Harry Houdini

On this date in 1874, Erik Weisz was born in Budapest, Hungary. In 1878, his family emigrated to America. The family first settled in Appleton, Wis. before relocating to New York City in 1887. Harry Houdini chose his stage name because he admired the French magician Jean Eugene Robert-Houdin. Houdini began his magic career in 1891, initially performing traditional magic tricks but later focusing almost exclusively on escape acts. In 1894, Houdini married his wife Bess, a fellow performer. Houdini toured Europe beginning in 1900, and became well-known for an act where local police would restrain him in handcuffs which Houdini would then escape. Houdini toured America with variations of this act and other escape routines, including escaping from a straitjacket, and the famous Chinese Water Torture Cell, where Houdini would escape from a water-filled cell where he was hanging by his ankles. He served as the president of the Society of American Magicians from 1917 until his death

Although many magicians of the time claimed to have supernatural powers, or to be helped by spirits, Houdini never made any such claim. In the 1920s, Houdini began to focus on debunking psychics and mediums, using his training in magic to expose their so-called “supernatural” powers. He was able to replicate mediums’ effects, as well as observe tricks that had fooled scientists and academics. Houdini was part of a Scientific American committee that offered a cash prize for successful proof of supernatural abilities; this prize was never collected. Houdini died in 1926 of peritonitis and appendicitis, aggravated by punches to the stomach. (Houdini famously was asked by J. Gordon Whitehead if he could sustain punches to the stomach; after Houdini’s affirmative response, Whitehead immediately punched the magician, who was not prepared for the blows.) He was buried in a Jewish cemetery in Queens, but his gravesite pays homage to his career in magic rather than his Jewish heritage; in fact, a bust of Houdini was placed at the grave in 1927, although a “graven image” is not allowed according to Jewish law. D. 1926.
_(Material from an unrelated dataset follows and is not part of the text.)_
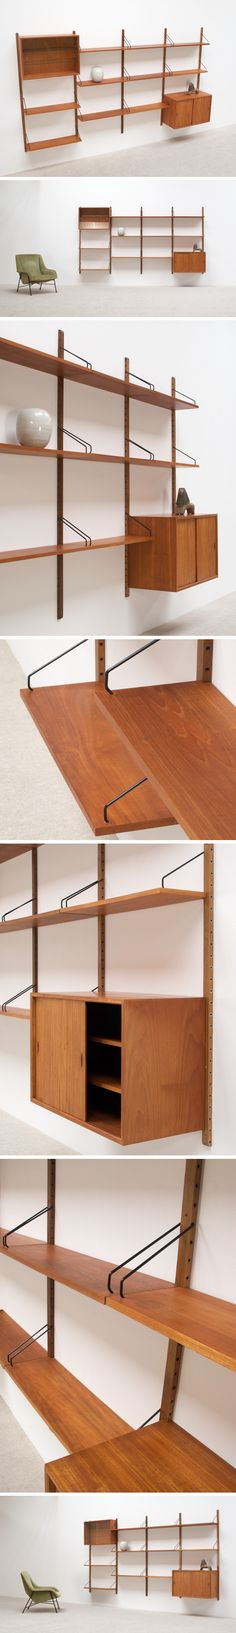 Poul Cadovius modular Wall Unit for Royal System Large Wooden Sliding Doors, Sliding Glass Door, Mcm Furniture, Furniture Design, Wall Unit Designs, Modular Walls, Shelving Systems, Deco Design, Design Design

“How have so-called psychics been able to mystify representative scientists such as Sir William Crookes, Sir Oliver Lodge, William James, and the French physiologist, Charles Richet — men of supposedly straight-thinking, analytical minds? To say nothing of such eminent writers as the sincere, though deluded, Sir Arthur Conan Doyle, creator of Sherlock Holmes.

“I believe the kernel of the matter is that scientists, philosophers, and psychologists live in circles where honesty is taken for granted. It is inconceivable to them that such gross deception could be practiced. They fail to realize that they're working hand in glove with members of one of the most unclean professions in the world.”